En mi infancia los niños de mi generación jugábamos en la calle a la comba, a tirarnos piedras, a quitar papeles de las aceras o a acompañar a señoras ancianas para que no tropezaran.

Les parecerá muy extraño que nuestras madres consintieran tal dislate, pero no lo era, porque, en aquel diminuto territorio español de Ifni -situado en África Occidental- circulaba sólo un vehículo particular: la camionetilla del Maestro Pedro.

Cuando el buen hombre la ponía en marcha nos enterábamos todos y el ruido era tan tremendo que nos avisaba del peligro como si fuera el pregonero municipal. Perseguir a aquel trasto chillón era deporte favorito de todos los niños.
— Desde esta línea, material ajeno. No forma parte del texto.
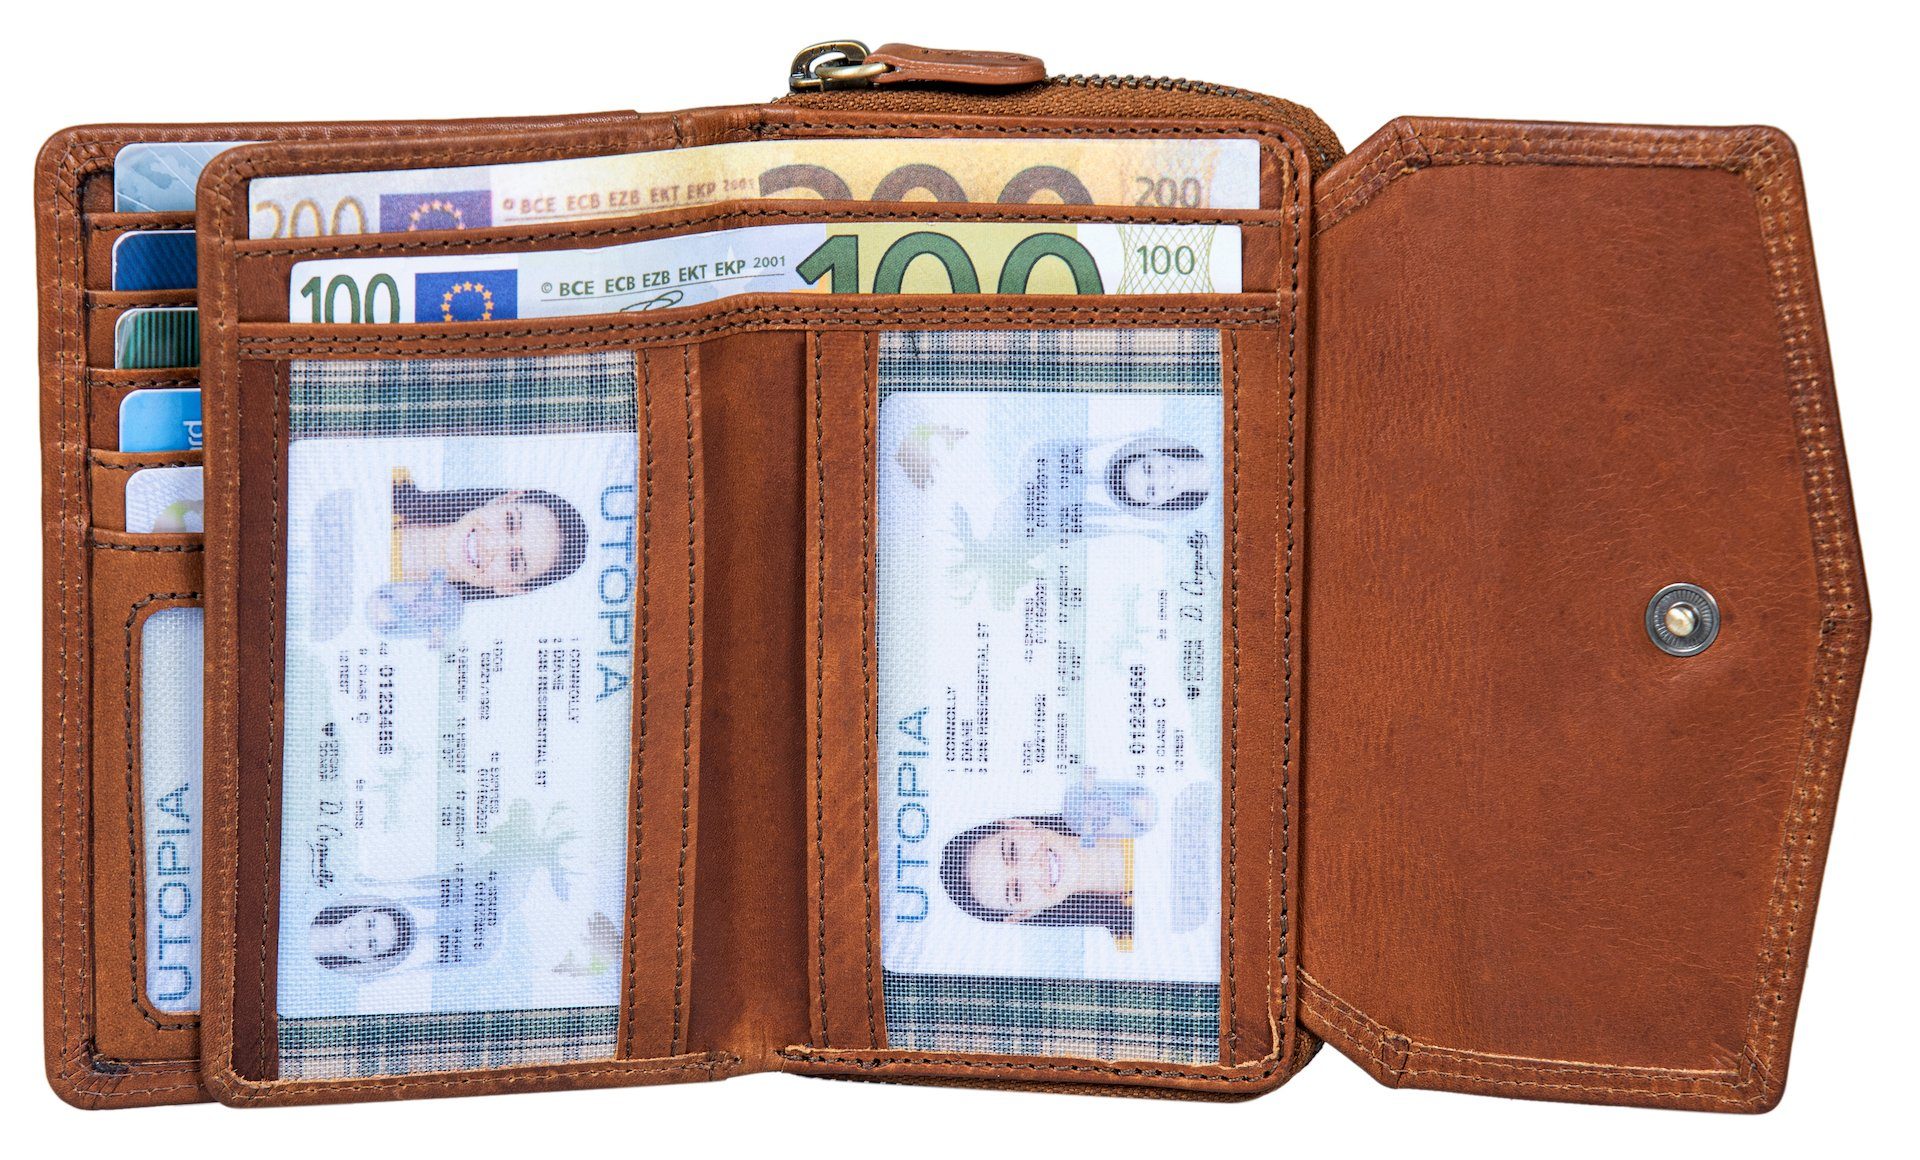 Benthill Geldbörse Damen Portemonnaie Kartenfächer Echt Leder RFID-Schutz Vintage Braun Reißverschlussfach Münzfach Kreditkartenetui, Portmonee

Afortunadamente para nosotros, no existía discriminación alguna entre razas ni colores, todos íbamos al mismo colegio y después al mismo instituto. No se nos pasaba por la cabeza que pudieran existir diferencias en otros lugares por ser rubio, tostado o negro.
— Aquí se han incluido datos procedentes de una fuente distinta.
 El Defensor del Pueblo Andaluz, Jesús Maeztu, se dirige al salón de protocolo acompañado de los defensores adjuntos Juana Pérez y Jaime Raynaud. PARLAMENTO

Algunas veces, los niños de un barrio nos declarábamos la guerra contra los de otro, nos apedreábamos, si venía a cuento, pero nunca recuerdo una separación por colores de piel o por la jerarquía social de nuestros padres. La verdad es que nos apreciábamos mucho. A veces pienso que los niños, que aún carecen de egoísmo y avaricia, deberían gobernar el mundo. Por intentarlo€.
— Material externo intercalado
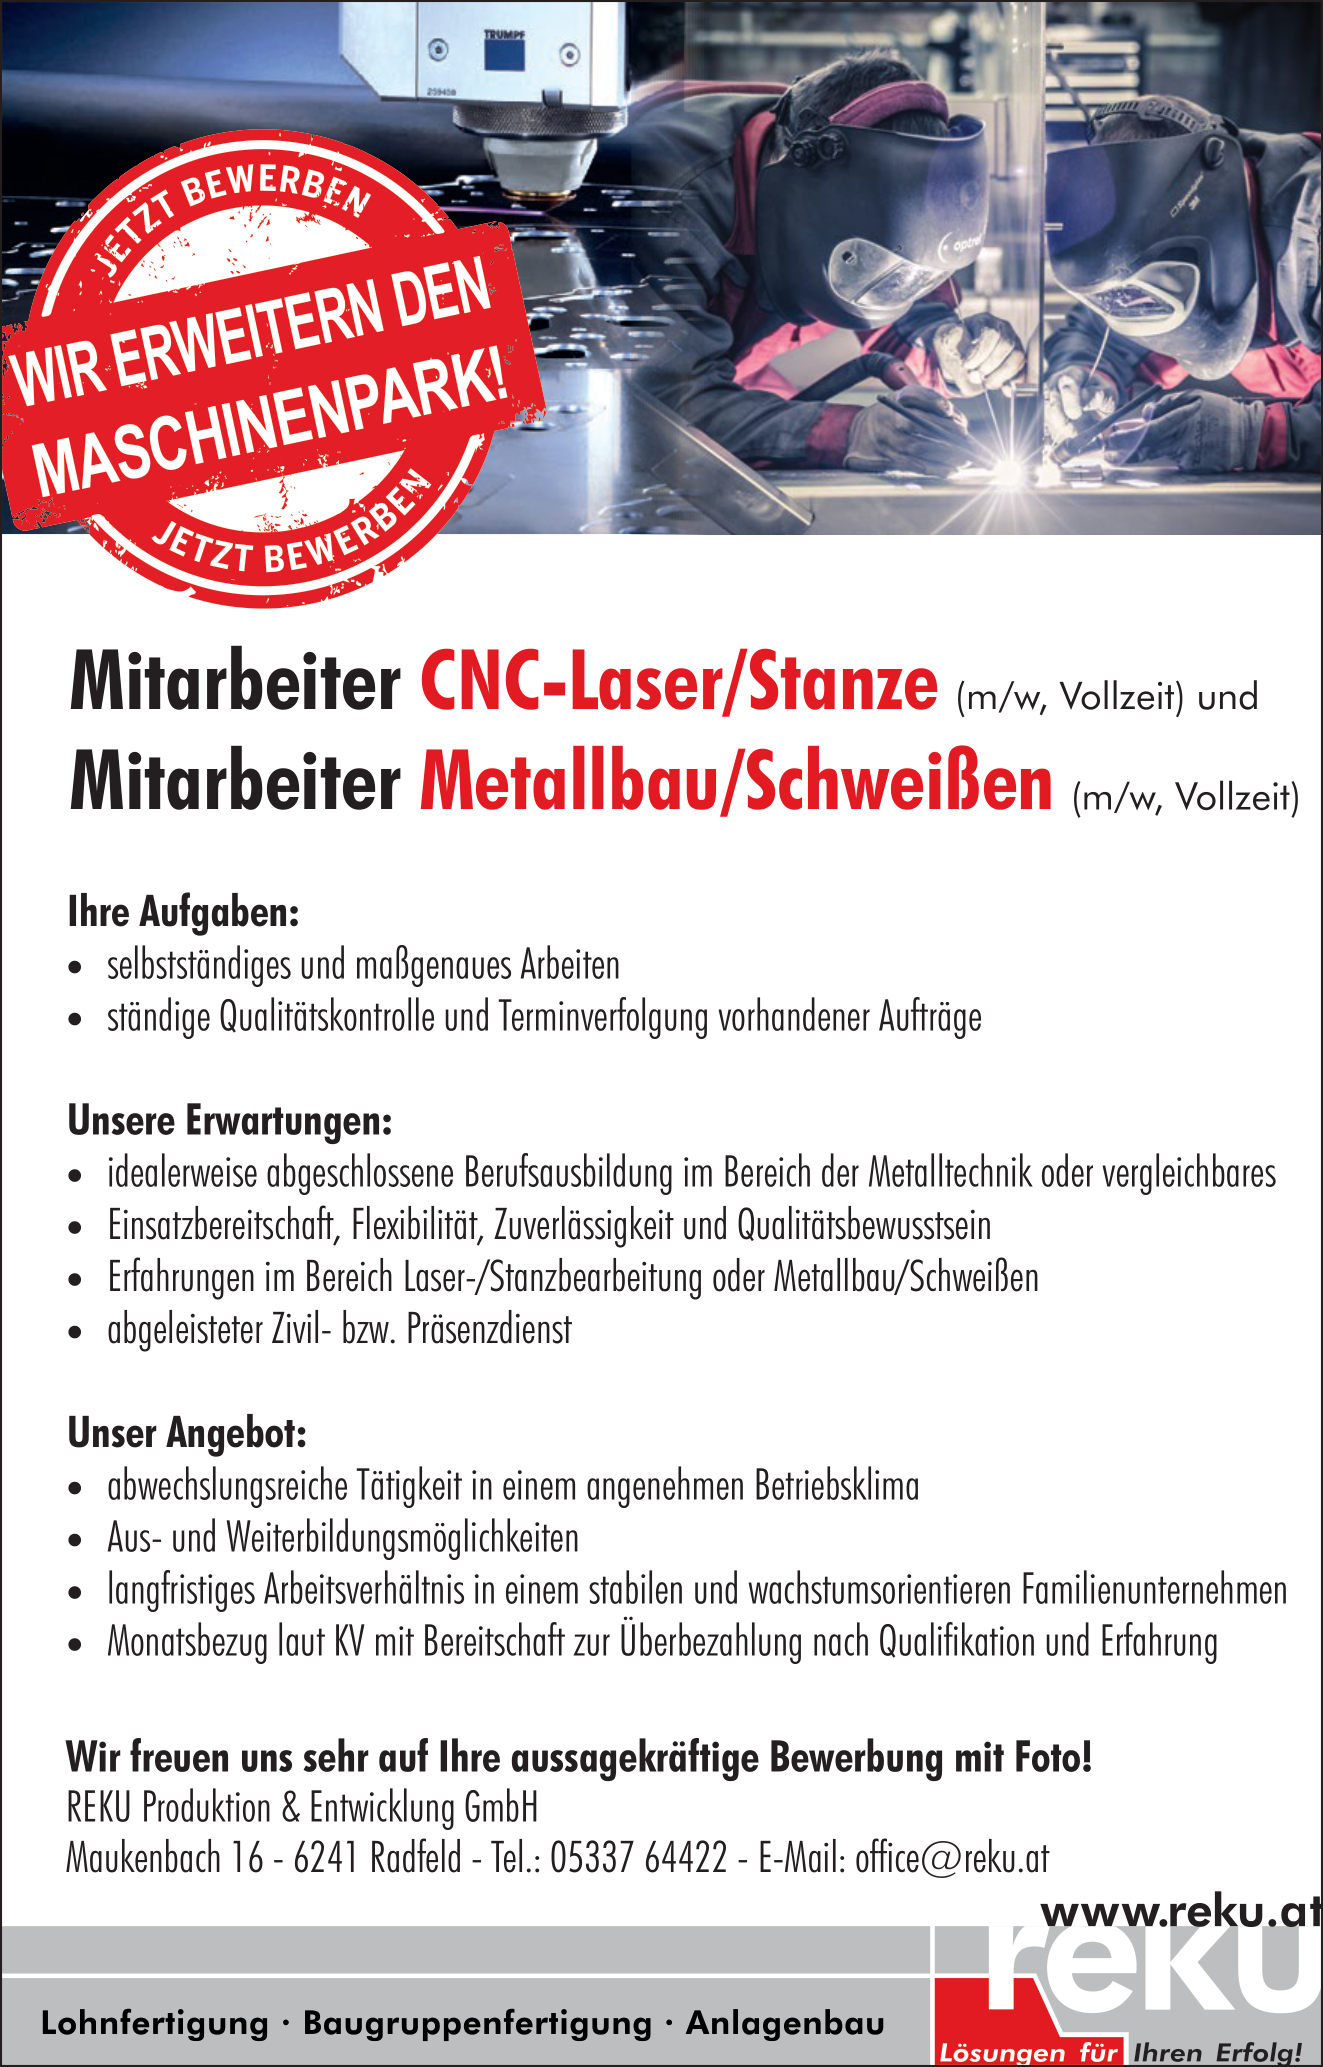 CNC Laser/Stanze und Metallbau/Schweißen Mitarbeiter (m/w)

En estos momentos que escribo está empezando a llover. Las vecinas murmuran que «ya nos hacía mucha falta esta agüita que el Señor nos manda» y yo pienso que con todo lo que ocurre en nuestro desgraciado globo terráqueo pidamos milagros a quien tanta tarea tiene. Y luego, me dicen que soy una descreída. Bueno, hasta más ver.